Miniaturized electrochemical sensors. Integrated Pt microelectrode. Au microelectrode set. Electrochemical advanced oxidation processes. Hydrogen peroxide. Isoniazid.
Electrochemical advanced oxidation processes (EAOPs) are new and promising methodologies for wastewater treatment, at domestic or industrial level, that emerge as an alternative to traditional water treatment methods. On EAOPs reactors, a wide variety of organic or inorganic pollutants can be degraded by strong oxidizing agents electrochemically generated. Therefore, on these processes, it is crucial a proper monitoring for the generation of oxidants and the degradation of pollutants in order to make the process more efficient and reduce costs. Thus, in this work we propose the utilization of miniaturized electrochemical sensors for the real time monitoring of species generated or degraded in the reactor. First, an integrated Pt microelectrode (a microelectrode that combines a working Pt microdisc to a silver quasi-reference electrode) for monitoring hydrogen peroxide generated in the reactor. Using this integrated microelectrode it was possible to obtain a real-time profile for H2O2 generation by the electrolysis of a 0.10 mol L-1 HClO4 solution. The reactor was equipped with a Nb/BDD anode and a Ti cathode under different current densities (30, 60, 90 e 120 mA cm-2). The H2O2 generation rate was strongly dependent on the applied current density (j) and that it reaches its peak production after 90 minutes of electrolysis, exhibiting a pseudo zero-order kinetics. The results obtained were in accordance with a spectrophotometric method used as reference at a 95% level of confidence. In a second approach, a gold microelectrode set was obtained from discarded computer microchips.
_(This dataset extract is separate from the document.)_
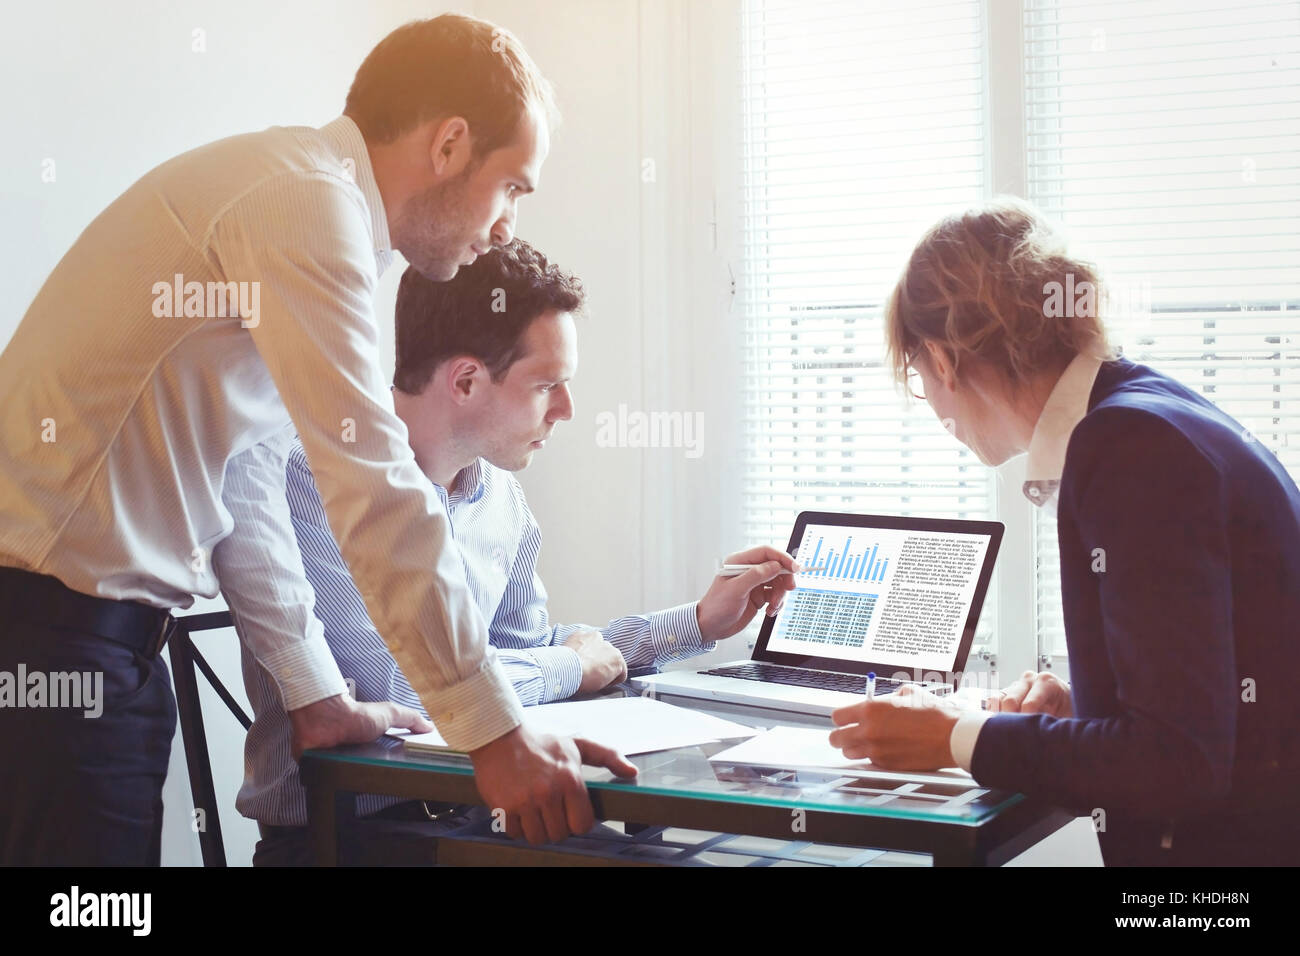 business people working on project together in the office, teamwork concept Stock Photo

The set of microelectrodes was modified with electrochemically reduced graphene oxide and applied to quantify isoniazid antibiotic by linear scan voltammetry, showing a good linear correlation (R2 = 0.9926) and limit of detection (1.38 μmol L-1) on the concentration range from 5.0 to 100.0 μmol L-1. The sensor was then applied to isoniazid determination in river and lagoon water samples.